• PROBLEM DETAILS: Go to the line below that has "PIP 39-C1500/L PowerGrab", print it and each line after it exactly, and stop after the line that has "Surgeons used phone"; leave out pictures.

• MATERIALS PROVIDED:
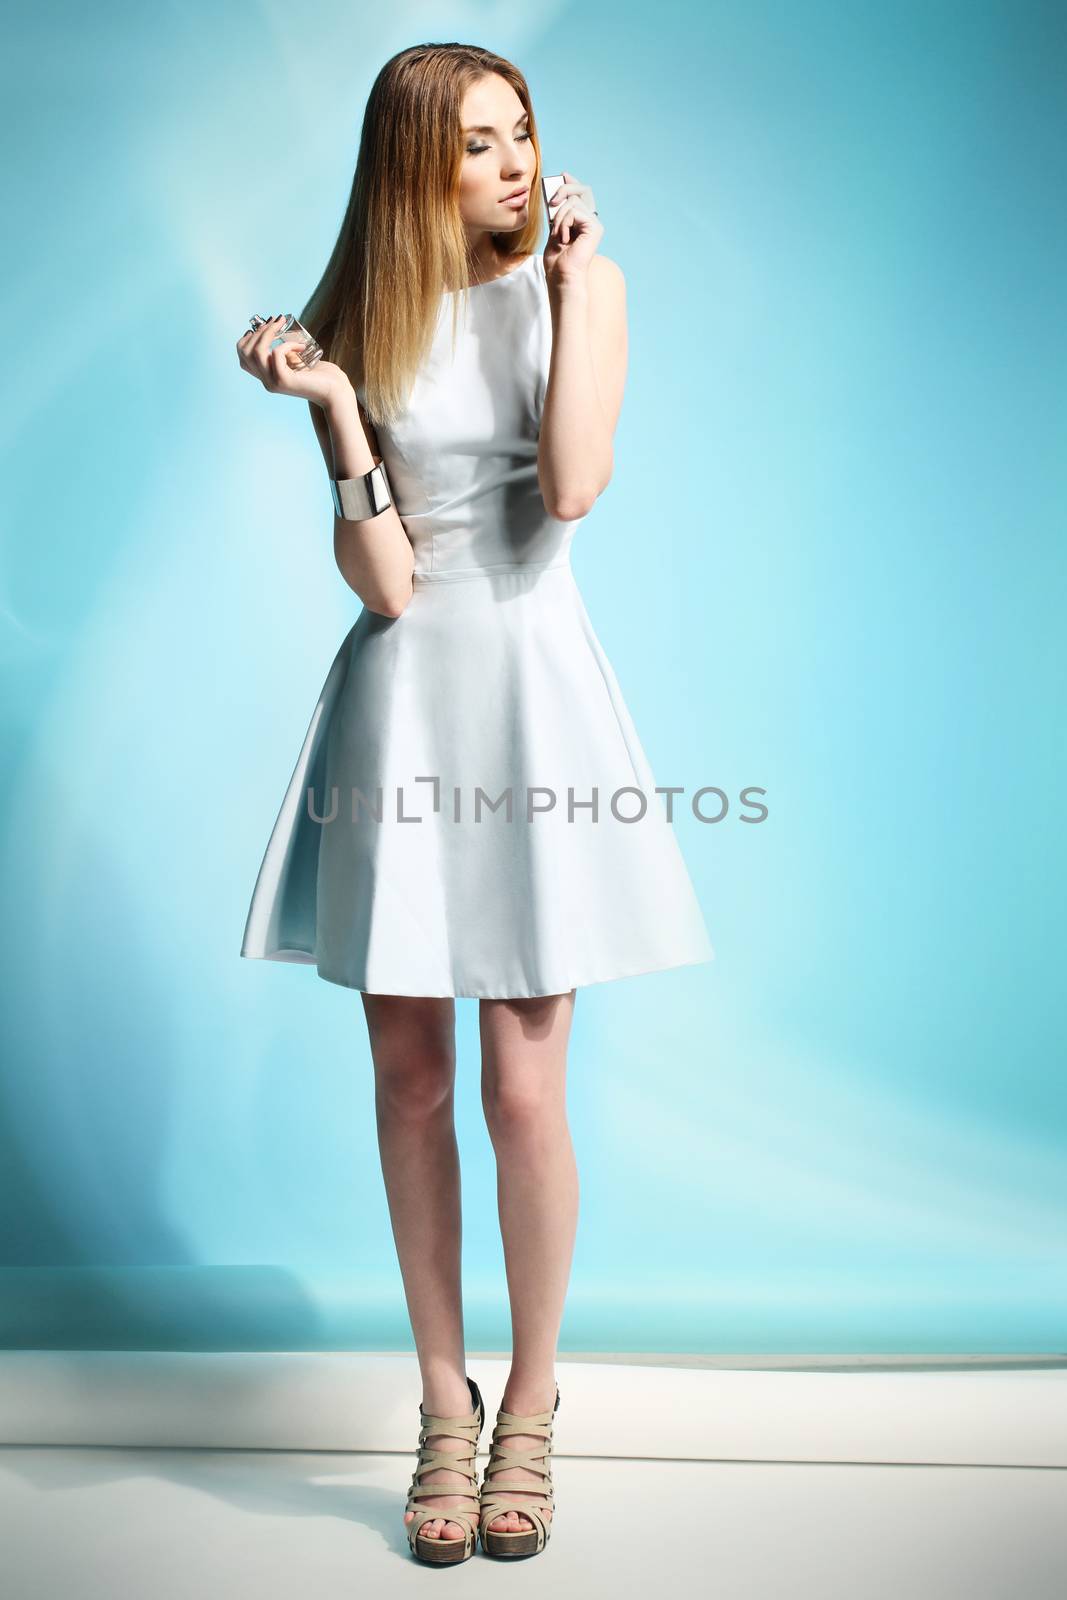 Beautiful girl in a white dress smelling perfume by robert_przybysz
--
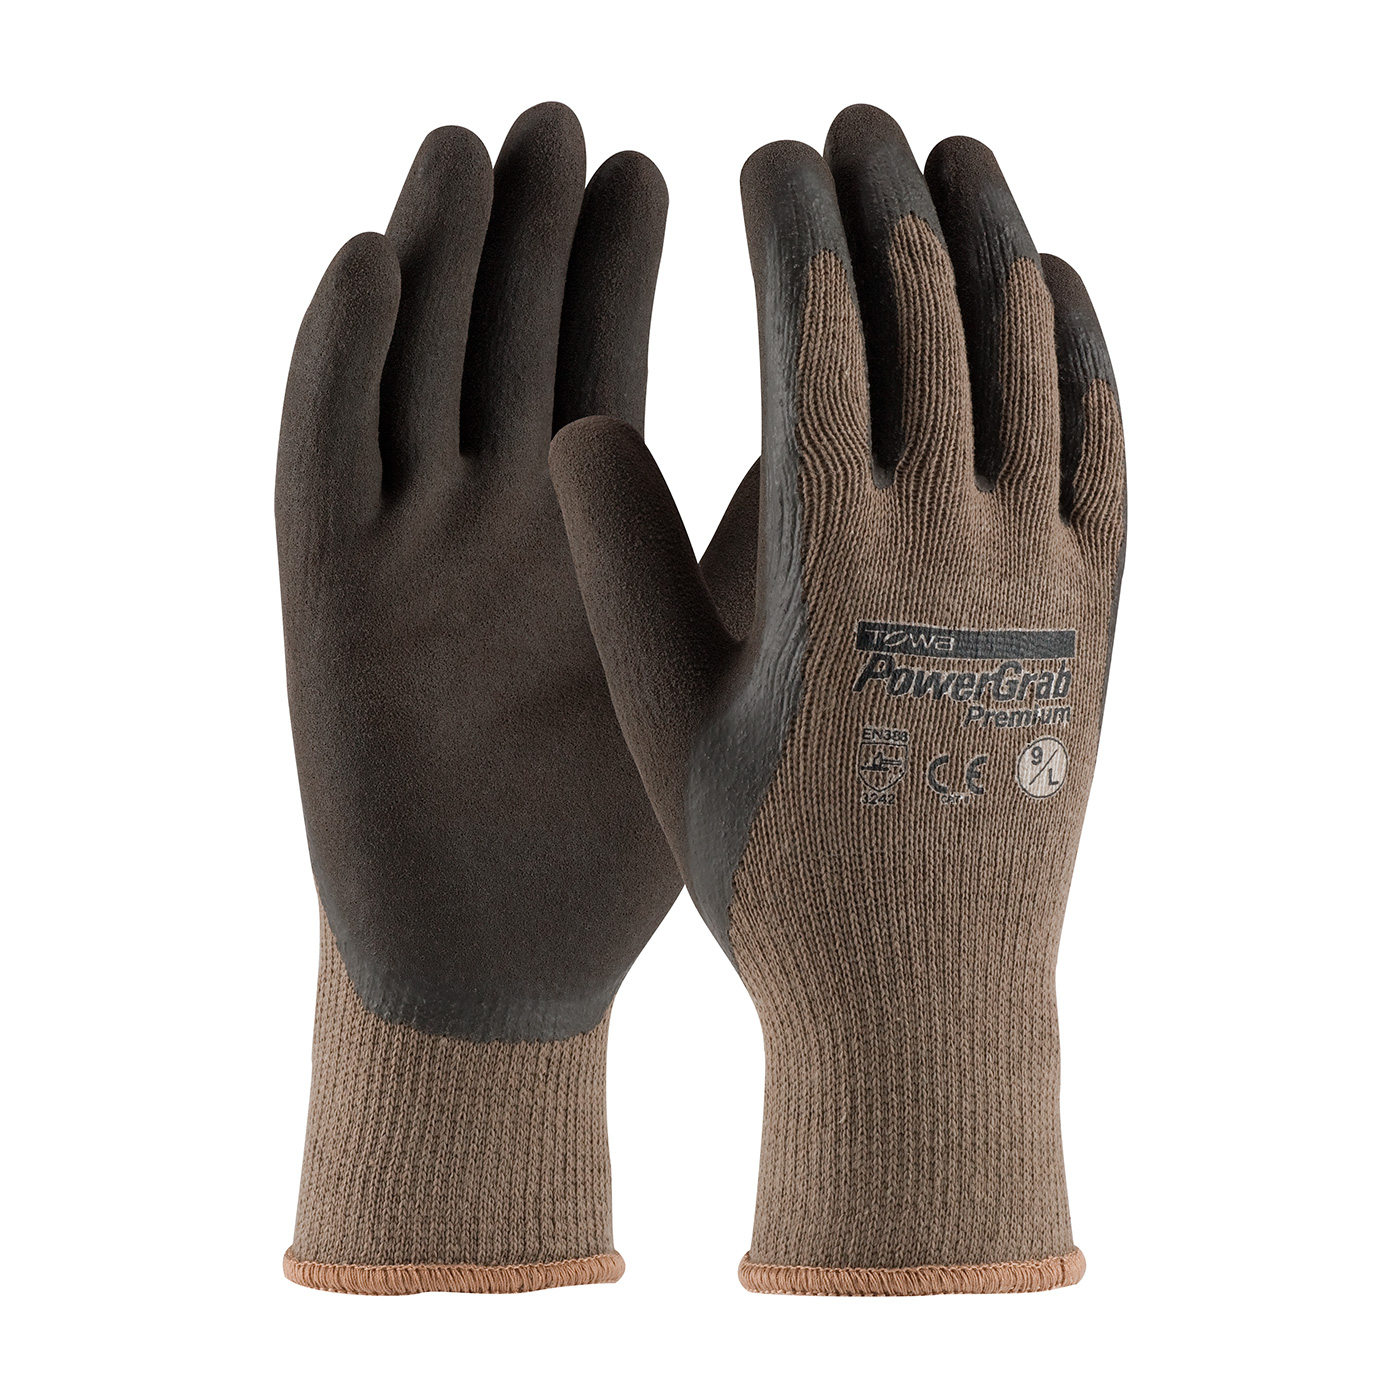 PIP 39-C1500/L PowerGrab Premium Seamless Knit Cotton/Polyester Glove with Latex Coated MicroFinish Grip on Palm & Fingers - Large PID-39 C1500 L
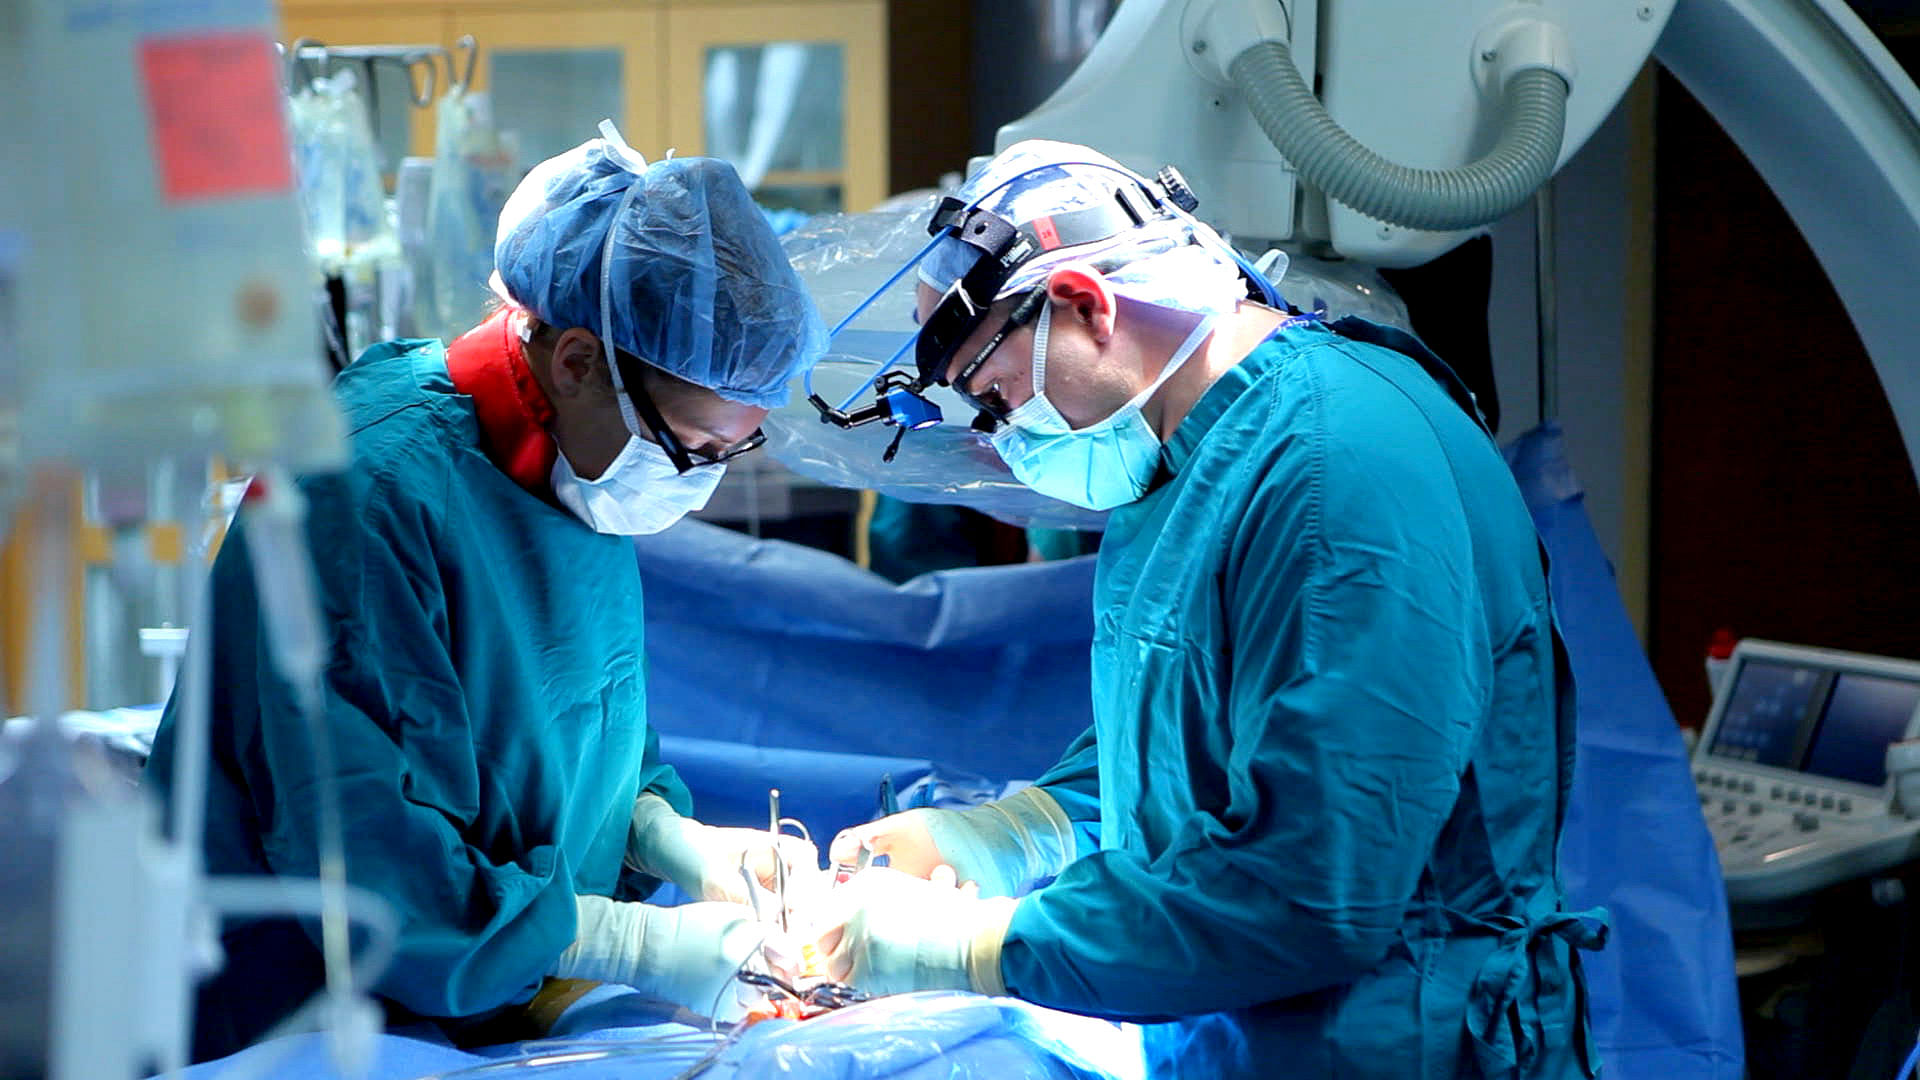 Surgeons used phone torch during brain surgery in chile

• YOUR RESPONSE:
 PIP 39-C1500/L PowerGrab Premium Seamless Knit Cotton/Polyester Glove with Latex Coated MicroFinish Grip on Palm & Fingers - Large PID-39 C1500 L
 Surgeons used phone torch during brain surgery in chile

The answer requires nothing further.